На нашем дзен-канале в интернете дневники Соловьевой увлекли многих подписчиков. Некоторые осуждают Нину за городскую изнеженность и неприспособленность к жизни, кто-то сочувствует, а кто-то вспоминает свои такие же тяготы и невзгоды в те суровые годы. И очень многие хотят продолжения публикации.

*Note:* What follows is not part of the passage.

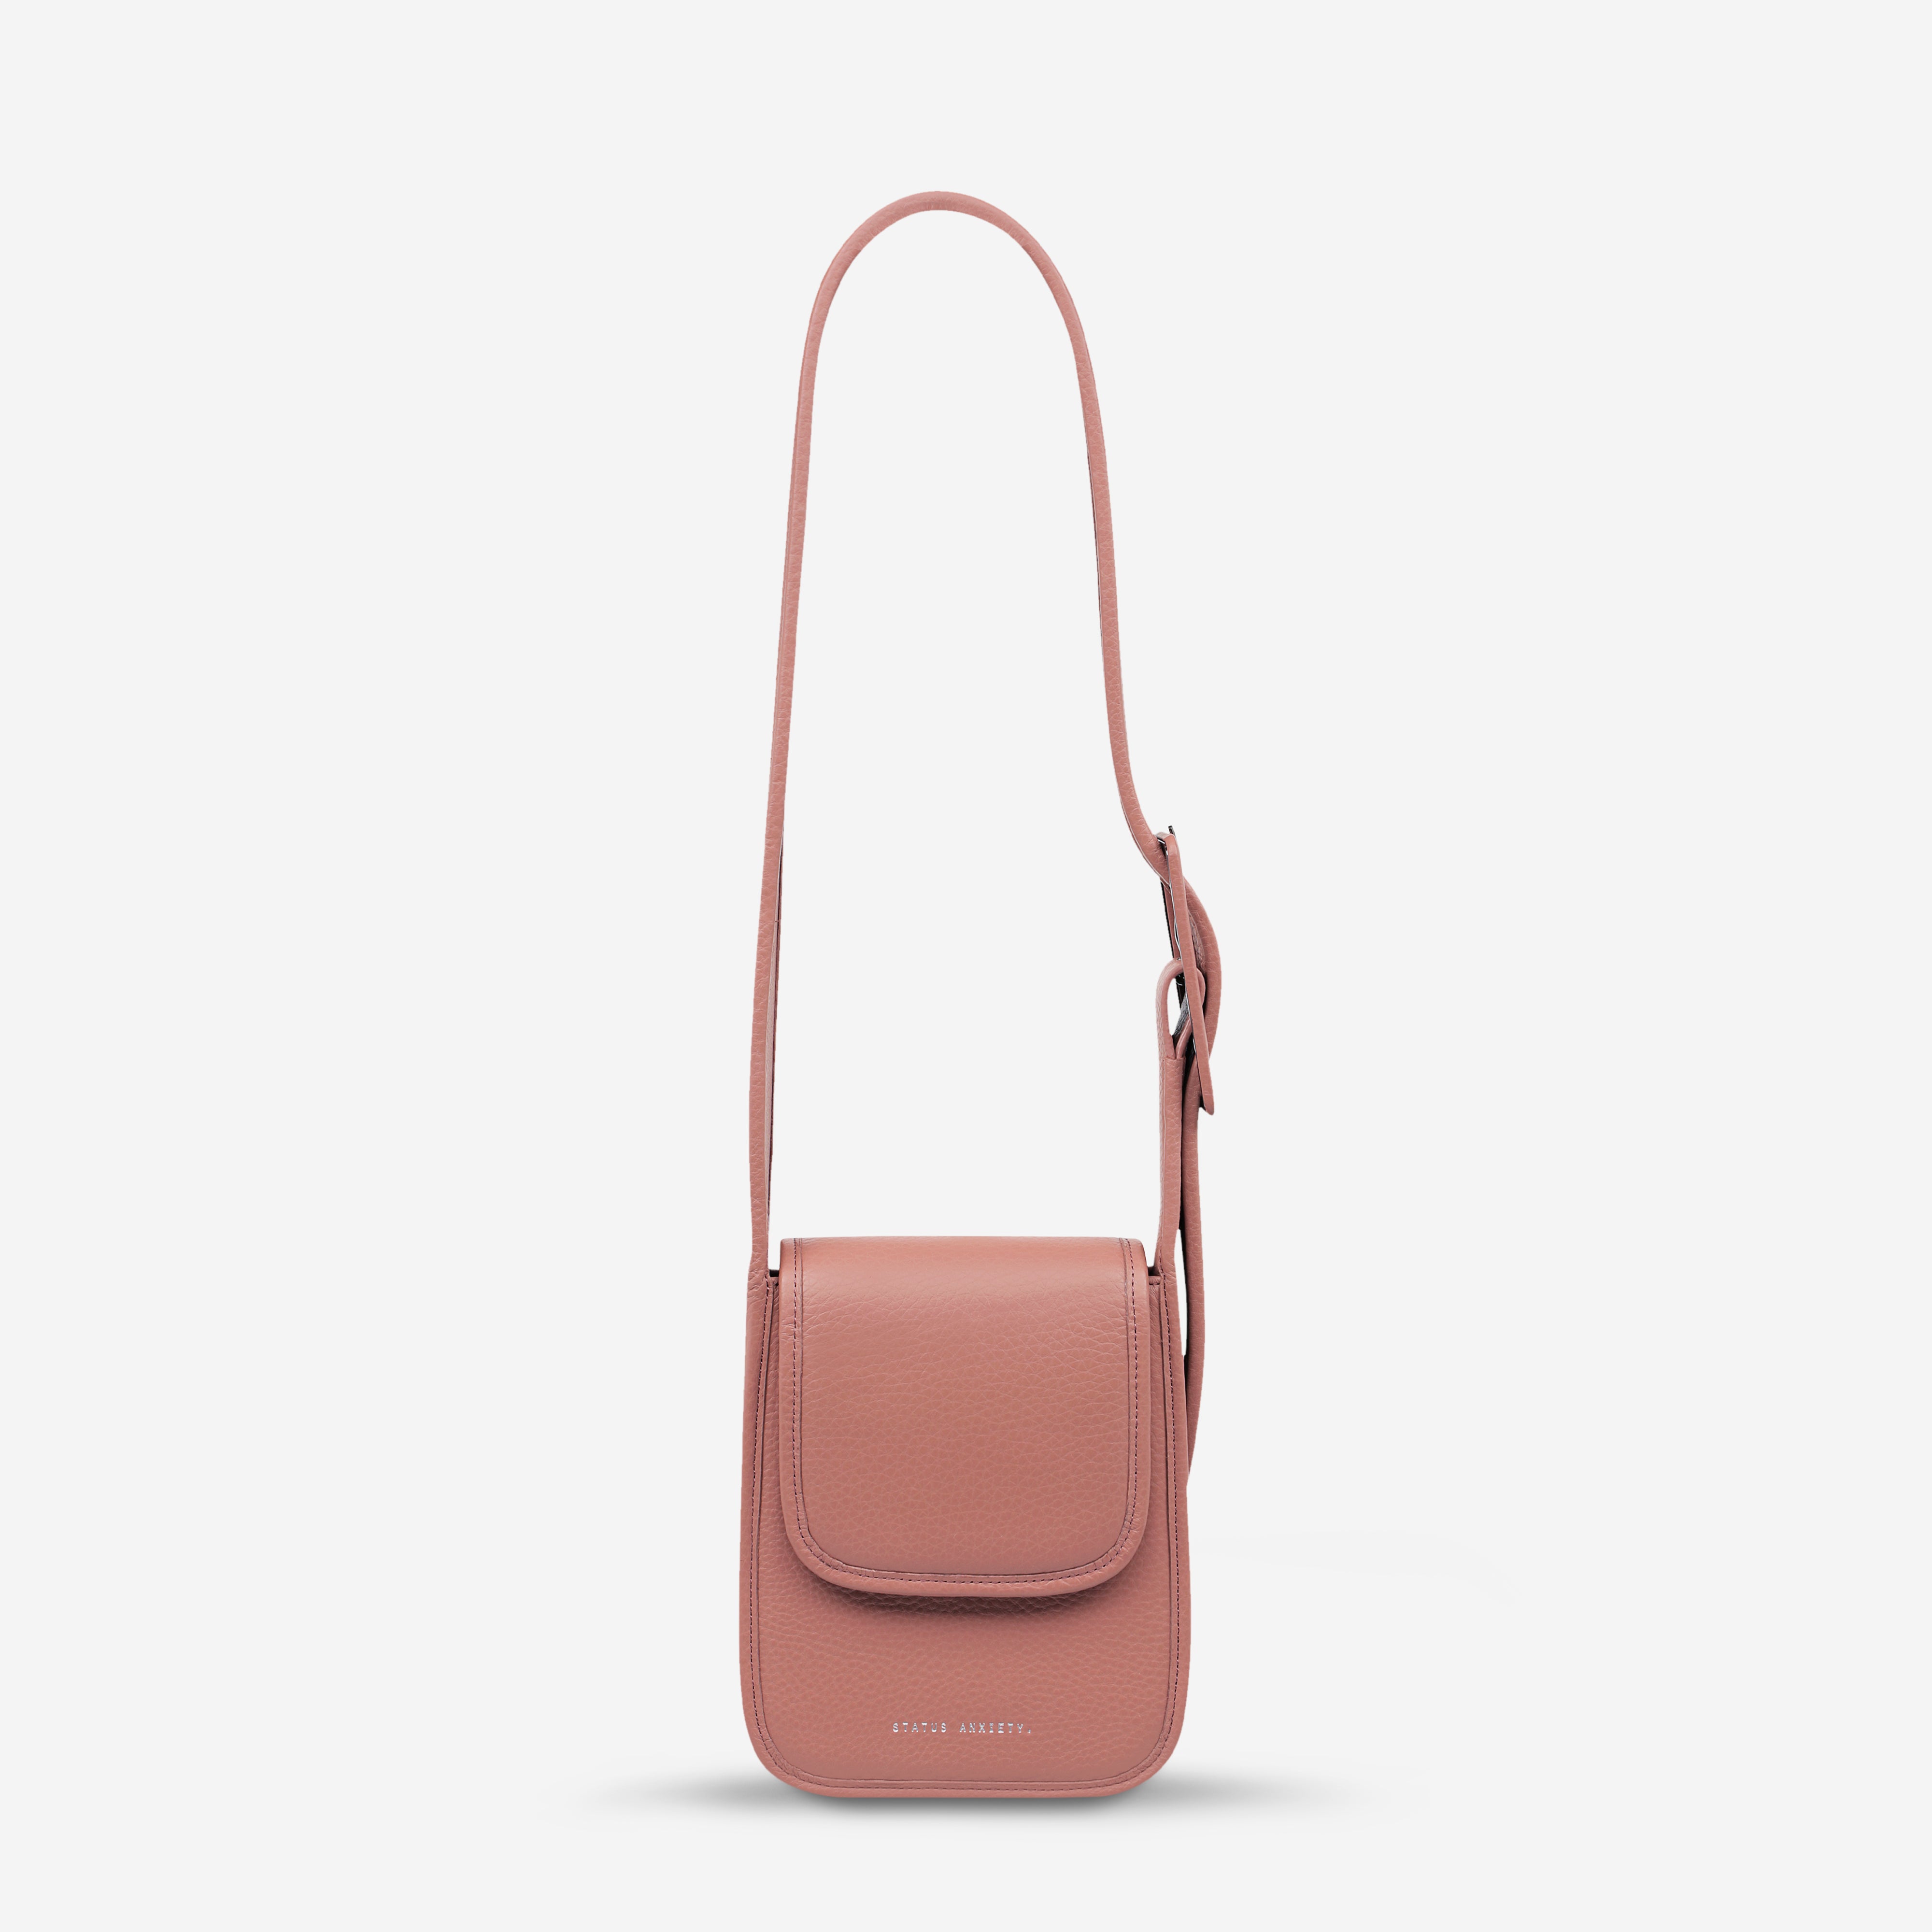 Status Anxiety Perplex Women's Leather Bag Dusty Rose

Напомним, из первых страниц дневника мы узнали, что после расстрела своего отца – боровского учителя – Нина с мамой были сосланы в Красноярский край, где они всячески пытаются выжить – голодают, ищут работу и жилье. Нина Соловьева пробовала поехать учиться в Канск, но вернулась обратно в Ермиловку. Ее матери предложили место в деревне Ботово, которая находится «в тайге, в самой глуши», и семье теперь предстоит переезд. Каким он будет и как семья устроится на новом месте — предлагаем вам узнать из этой, уже четвертой части дневника.
20 сентября (продолжение)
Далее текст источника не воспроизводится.